Download the two packages TienKung-Lab.zip and ros_lite_src.zip and place them in the ~/ directory.


~/ # Software packages
├── TienKung-Lab.zip # Gait training package
├── ros_lite_src.zip # Gait deployment package

Part I: Basic Software

1. CUDA

Install CUDA.

It is recommended to first correctly install the latest Nvidia driver, then use nvidia-smi to check the CUDA version compatible with the driver, and select the corresponding CUDA Toolkit download from https://developer.nvidia.com/cuda-toolkit-archive. This example uses CUDA version 12.8.

cd ~/
wget https://developer.download.nvidia.com/compute/cuda/12.8.0/local_installers/cuda_12.8.0_570.86.10_linux.run
sudo sh cuda_12.8.0_570.86.10_linux.run
# Set environment variables in ~/.bashrc
echo 'export PATH=/usr/local/cuda/bin:$PATH' >> ~/.bashrc
echo 'export LD_LIBRARY_PATH=/usr/local/cuda/lib64:$LD_LIBRARY_PATH' >> ~/.bashrc
# Apply changes immediately
source ~/.bashrc

2. Conda

Install Miniconda, keep selecting yes to complete the installation.

cd ~/
wget https://repo.anaconda.com/miniconda/Miniconda3-latest-Linux-x86_64.sh
bash ./Miniconda3-latest-Linux-x86_64.sh

Note: Once installed, check if conda environment variables are set in the .bashrc file.

cat ~/.bashrc

3. IsaacSim

Install IsaacSim 4.5. After downloading and extracting the software package, create the env_isaacsim environment, activate it, and then install.
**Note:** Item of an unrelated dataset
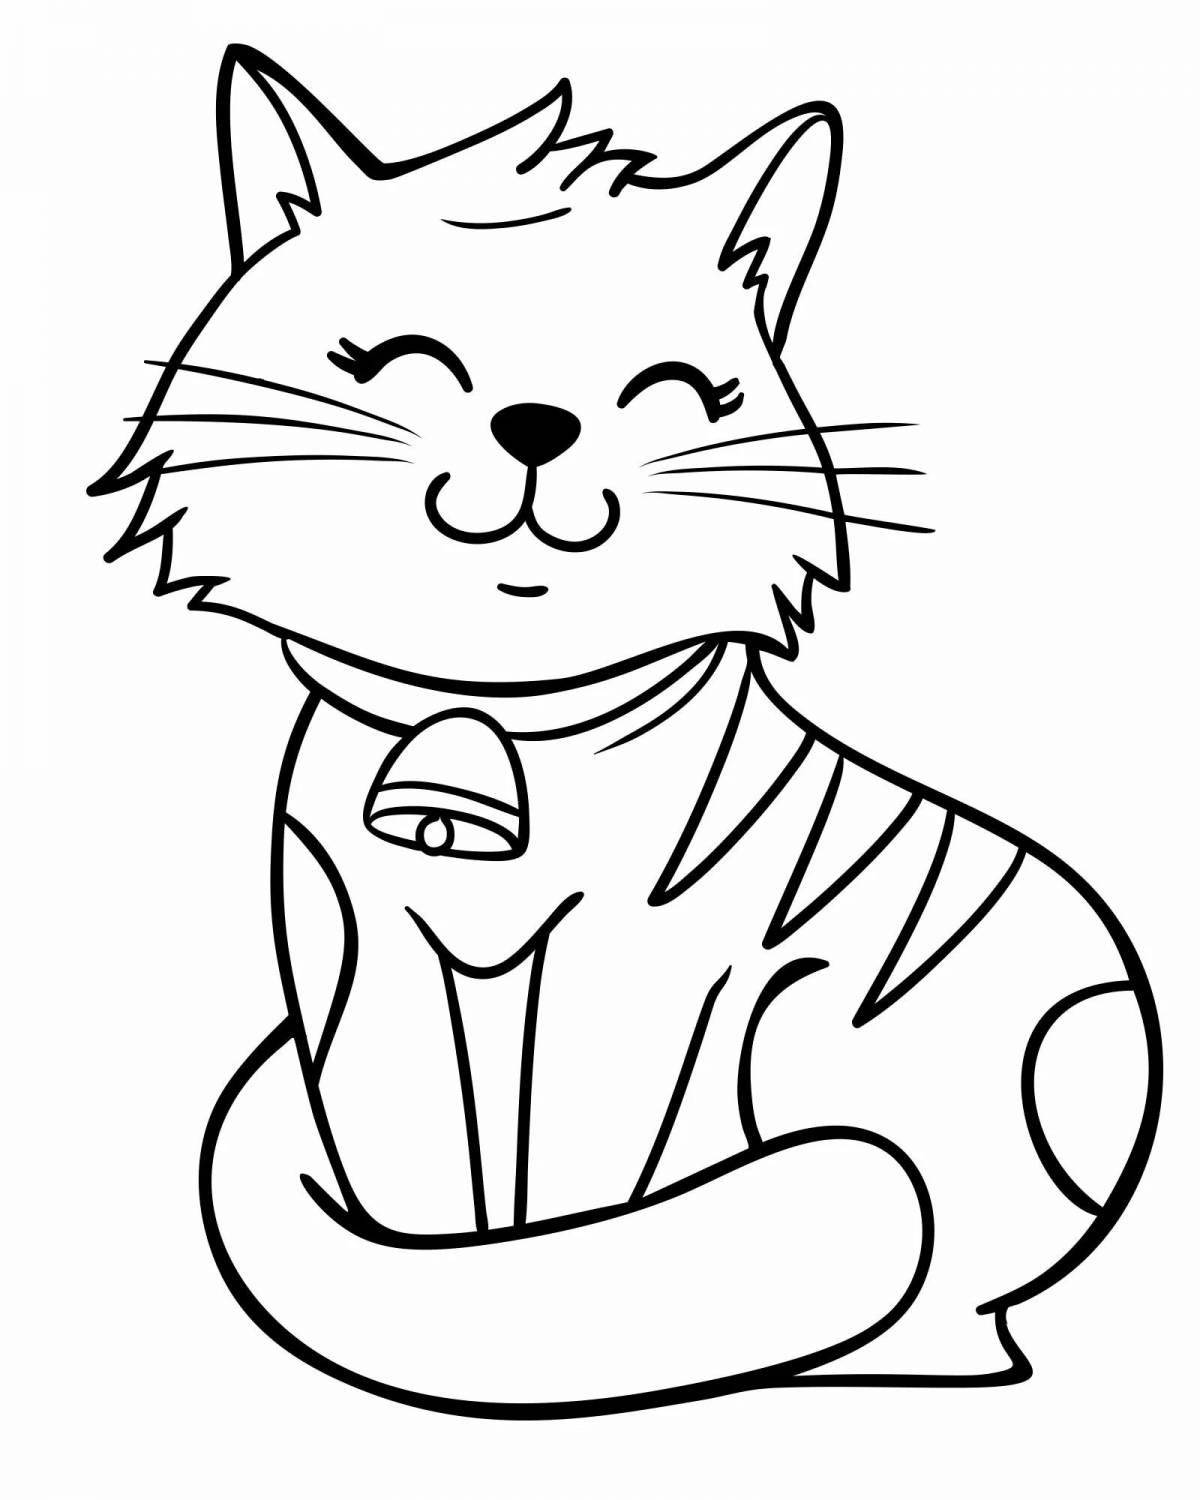 Coloring page festive cat in a hat

Reference: https://docs.isaacsim.omniverse.nvidia.com/4.5.0/installation/install_workstation.html

mkdir ~/isaacsimdir
cd ~/isaacsimdir
wget https://download.isaacsim.omniverse.nvidia.com/isaac-sim-standalone-4.5.0-linux-x86_64.zip
unzip "isaac-sim-standalone-4.5.0-linux-x86_64.zip" -d ~/isaacsimdir
conda create -n env_isaacsim python=3.10
conda activate env_isaacsim
./python.sh -m pip install torch torchvision torchaudio --index-url https://download.pytorch.org/whl/cu128
./post_install.sh
./isaac-sim.selector.sh
conda deactivate

4. IsaacLab

Install IsaacLab 2.1.0. After downloading and extracting the software package, create the env_isaaclab environment, activate it, and then install.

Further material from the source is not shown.